Pregnancy after previous loss (miscarriage, stillbirth, neonatal loss) is a complex time. For the pregnant person, it is a time of joy, but it can also be filled with intense fear, anxiety, worry, and isolation. It is a time where the external world meets your pregnancy in celebration but doesn’t always make space to hold the other emotions that come along with it. Society’s lack of acknowledgement can make you feel like you are alone; that maybe something is wrong with you for not being 100 percent excited, joyful, or connected to your pregnancy.

As someone who has personally experienced pregnancy after loss and now professionally coaches people through this experience, I am here to tell you that it is completely normal to experience an array of emotions in a pregnancy after loss.

Here are some tools for you as you navigate through the complex emotions that pregnancy after loss can bring.

Grief and coping suggestions

Many people struggle with allowing themselves to feel their emotions. One of the most helpful tools to help you during your pregnancy after loss is to allow yourself to feel. Don’t try to skip over your feelings. Even the tough ones. Pregnancy after loss is full of ups and downs so when you are feeling down, allow yourself to be with it. There is no pushing your way through this. Instead, give yourself permission to feel your way through it - the love, the grief, the highs and the lows. It is okay to feel your way through this. In fact, it is the only way. Whatever comes up in your pregnancy after loss, know that it is normal, and you are not alone.
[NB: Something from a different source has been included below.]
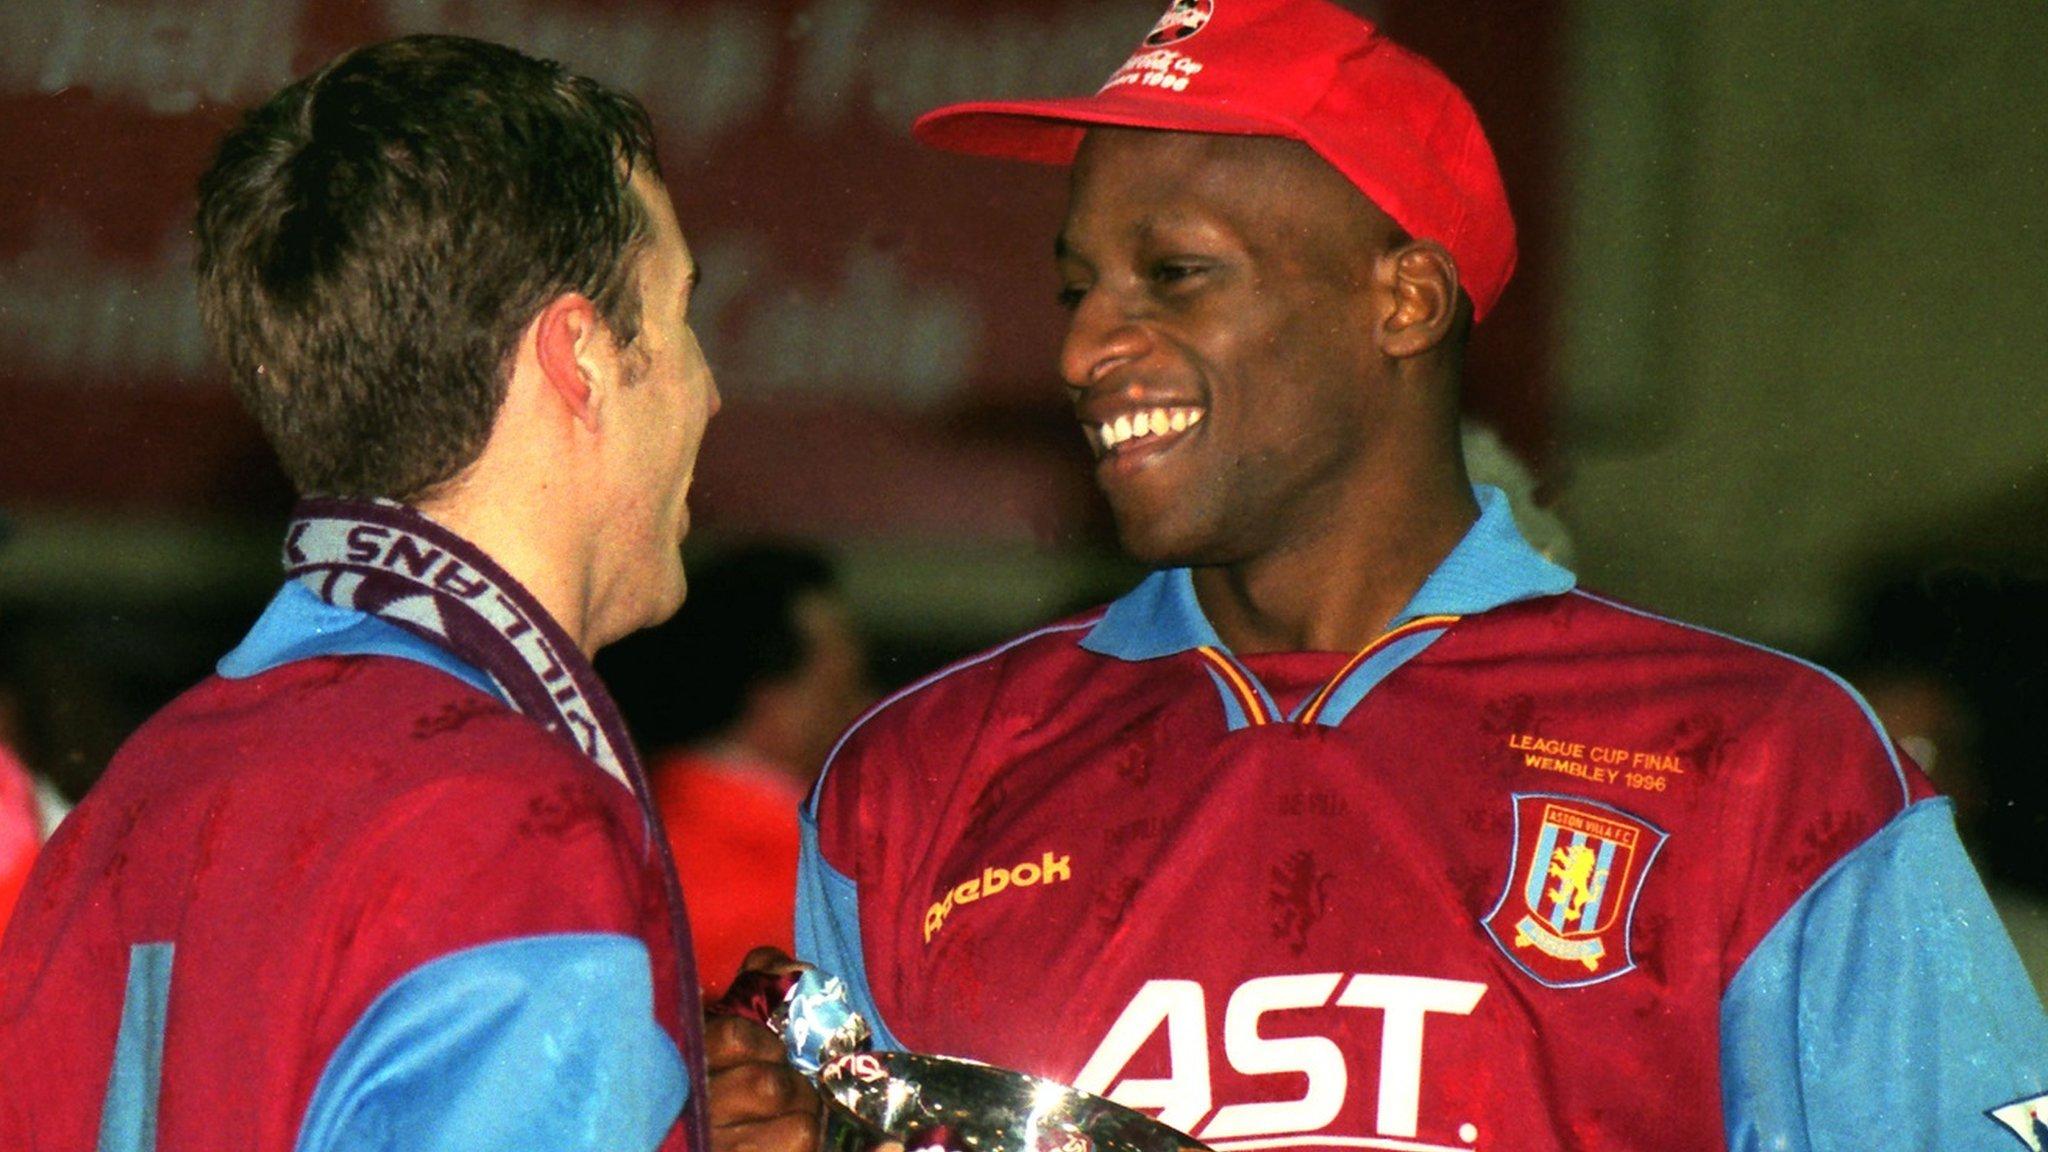 Ugo Ehiogu: England boss Gareth Southgate 'stunned' by death of former team-mate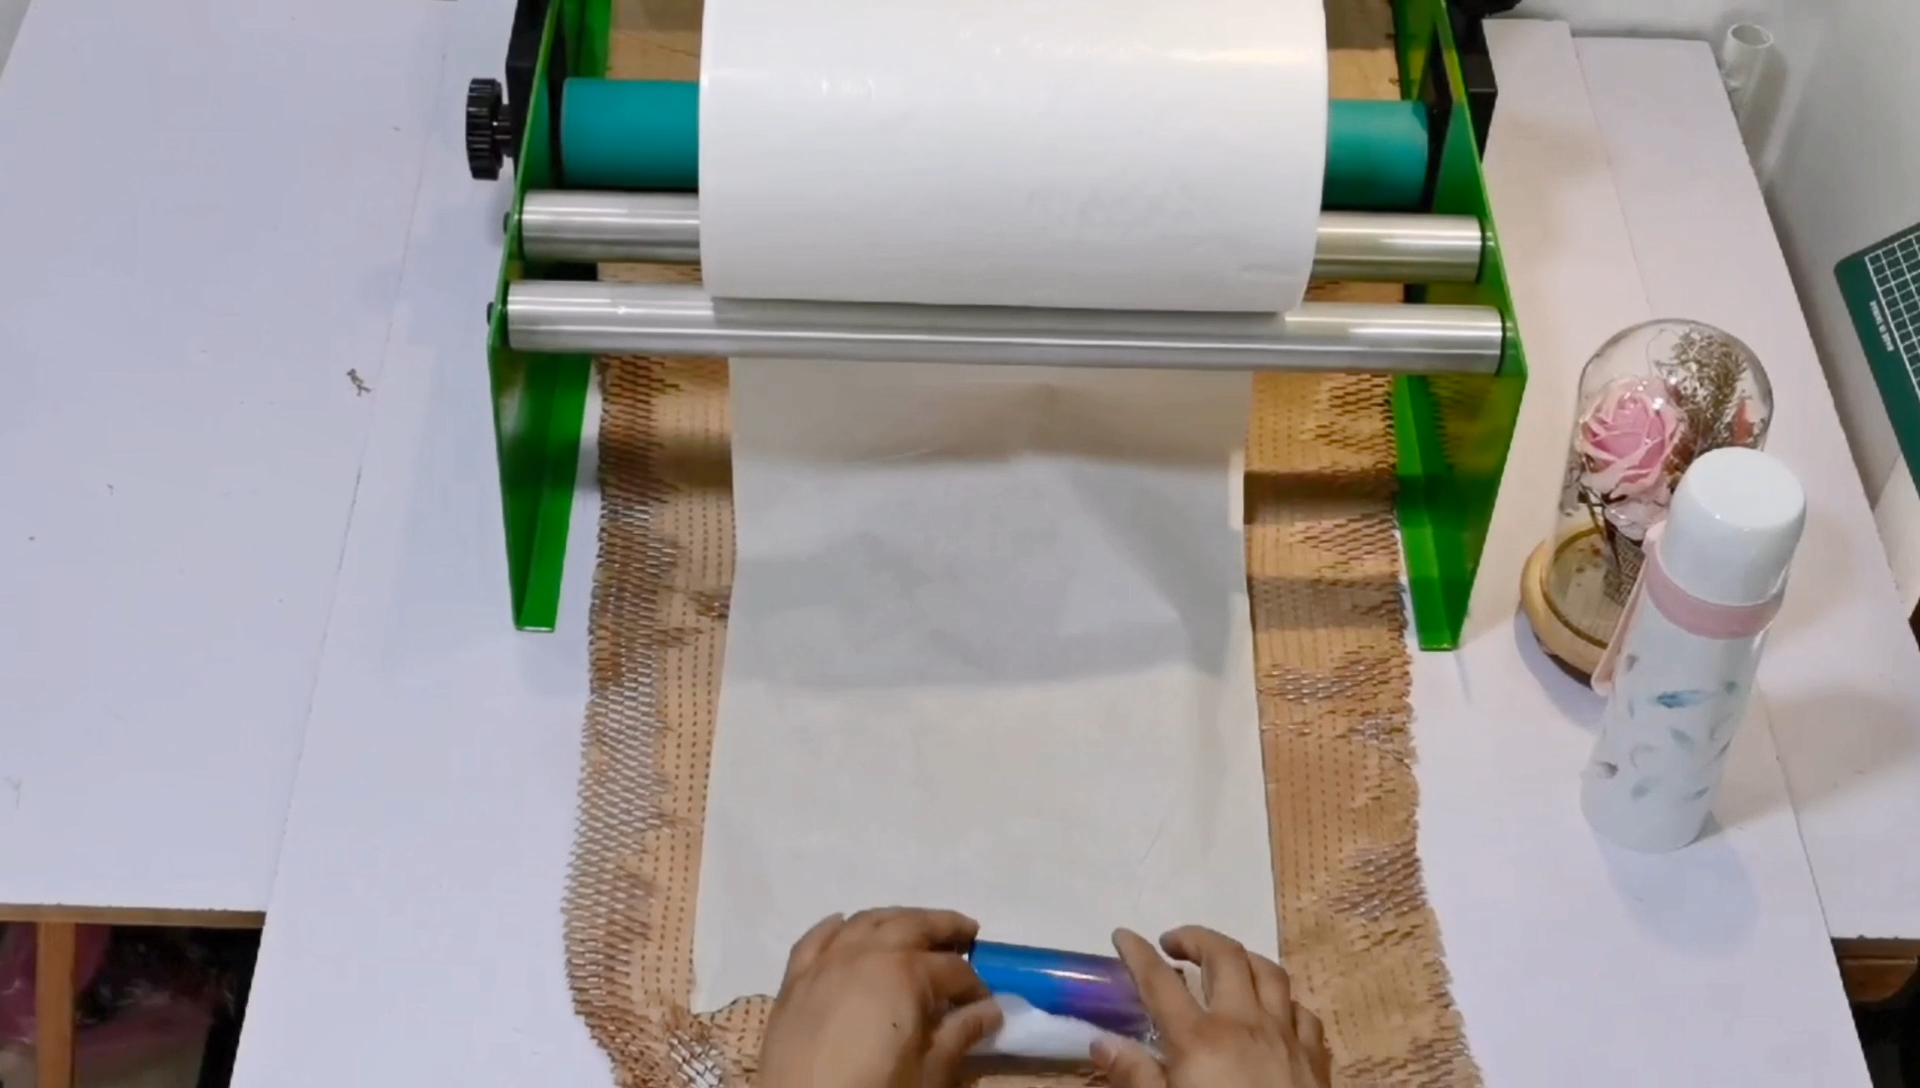 50cm * 120m çevre dostu ambalaj petek desenli kağıt toptan kahverengi, beyaz petek yastık kağıt petek Kraft kağıt

Expecting worry or increased anxiety

When you have experienced previous miscarriage, stillbirth, or neonatal loss, it can be very difficult to see anything beyond that. Oftentimes, your mind takes you back to past experiences and outcomes or to unknown futures. A helpful tool to help with anxiety is to connect to your facts. In a pregnancy after loss, it is important to remind yourself of the facts as you know them in the moment. Not what happened before or what could happen. Only what you know for certain as true in this moment. This pregnancy. This season. In moments of anxiety, remind yourself of what is happening for you. Don’t go to Google - those are not your facts. Lean into the space inside of you and connect to what is certain for you in this moment. This is where you find the power to stay above the downward spirals that are not currently yours.

Anxiety, guilt, and coping strategies when passing pregnancy milestones

Practice being in today’s body. Passing pregnancy milestones is often triggering for people. After previous loss, many people have a complex relationship with their body. This can lead to feelings of distrust and frustration. In moments where you find yourself not trusting your body or you are frustrated with how you believe your body ‘should’ look/perform/be... use this term: “today’s body.” Using the term ‘today’ rather than ‘mine’ helps shift your mind from a place of judgment into acceptance. It is a powerful reminder that today your body is this way... it is not the body of yesterday. Using this term helps remind you to be more compassionate for where you are in this moment. Not where you once were or where you may be in the future... only where you are today.

Feelings of guilt during pregnancy after loss is common. I often hear clients say, “I feel like I got pregnant too soon after my loss” or, “I don’t want people to think that this baby is just our ‘replacement baby.’” It is normal and okay to feel this way. This baby will be their own person, and they will also always be connected to their sibling. If you feel as though you didn’t have enough time to process your loss before getting pregnant again, now is the perfect time to seek support. Talking about your loss in a safe and supportive environment or adopting intentional practices that are healing for you may help you process some of these feelings or emotions.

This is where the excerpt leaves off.